▶ _Required work_
All pictures should be dropped, and only the lines from the top of the entries below through the line containing "Die Rohdaten entstanden" repeated exactly, both ends included.

▶ _Input for this task_
********************

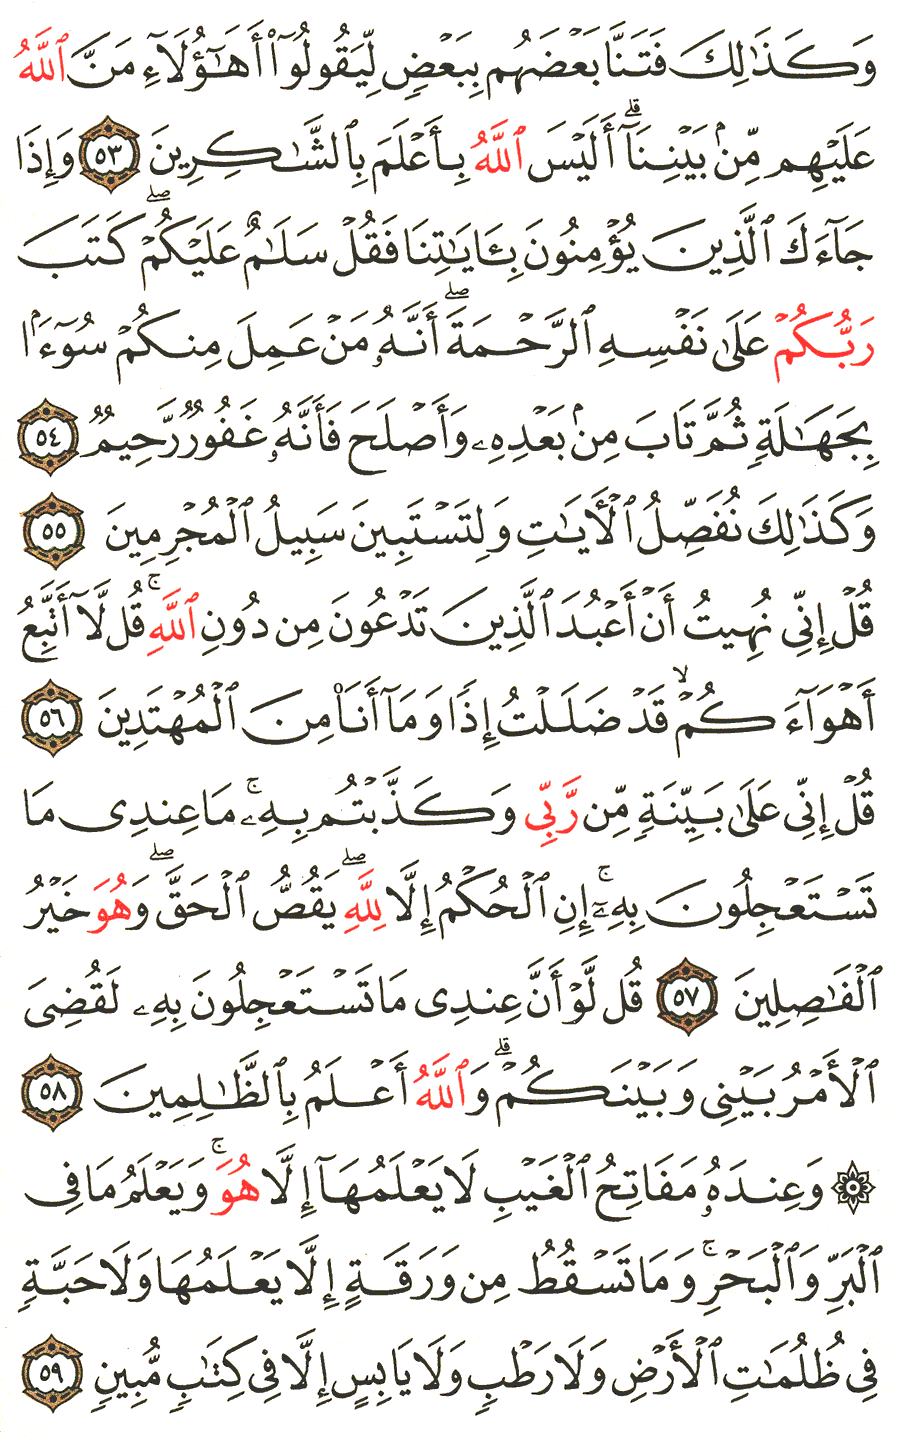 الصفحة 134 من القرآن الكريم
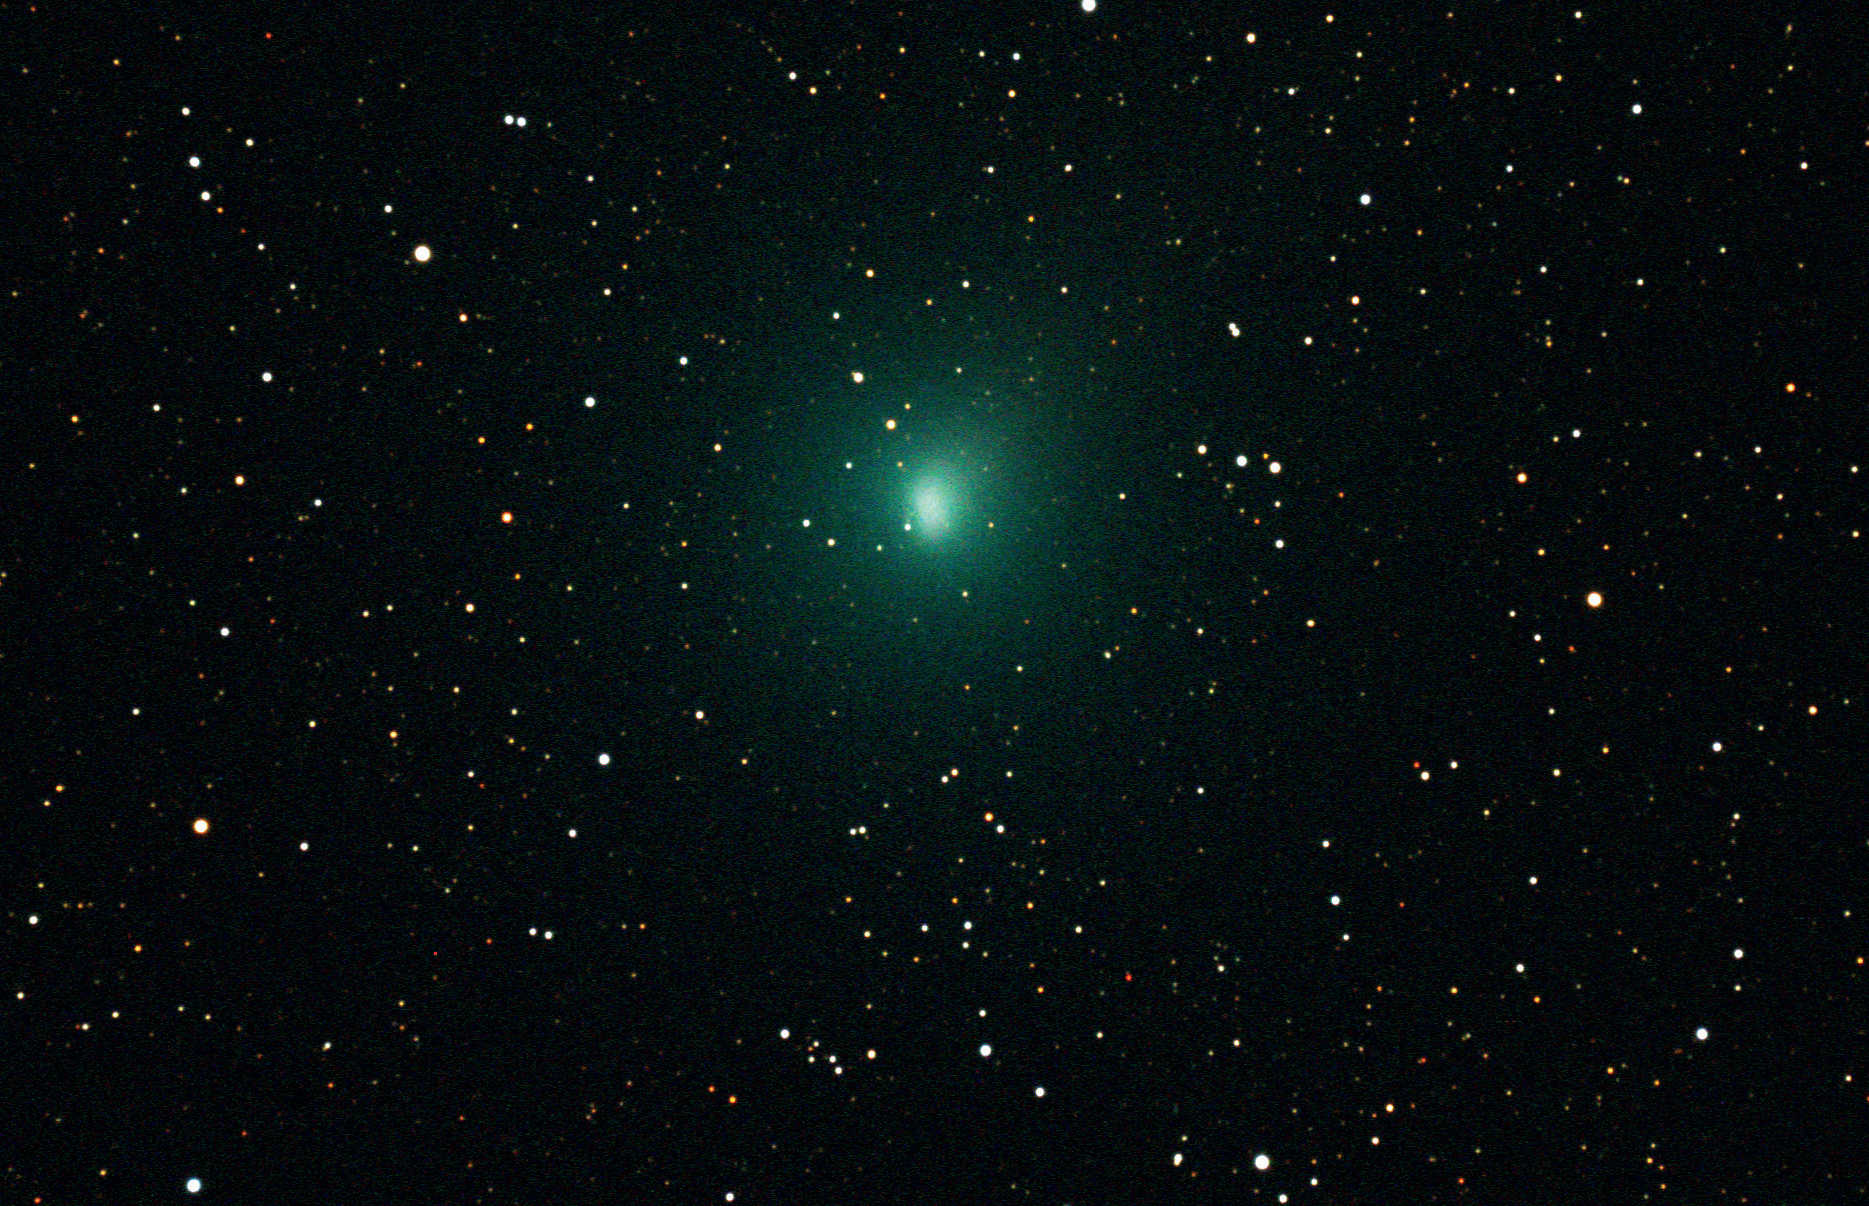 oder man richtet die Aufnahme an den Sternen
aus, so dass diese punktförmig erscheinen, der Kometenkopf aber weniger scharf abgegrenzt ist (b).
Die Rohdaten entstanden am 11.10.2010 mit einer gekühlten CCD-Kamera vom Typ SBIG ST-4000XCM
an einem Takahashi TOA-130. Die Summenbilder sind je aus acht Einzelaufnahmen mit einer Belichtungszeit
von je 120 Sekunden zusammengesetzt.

********************

▶ _Response to this task_
 الصفحة 134 من القرآن الكريم
 oder man richtet die Aufnahme an den Sternen
aus, so dass diese punktförmig erscheinen, der Kometenkopf aber weniger scharf abgegrenzt ist (b).
Die Rohdaten entstanden am 11.10.2010 mit einer gekühlten CCD-Kamera vom Typ SBIG ST-4000XCM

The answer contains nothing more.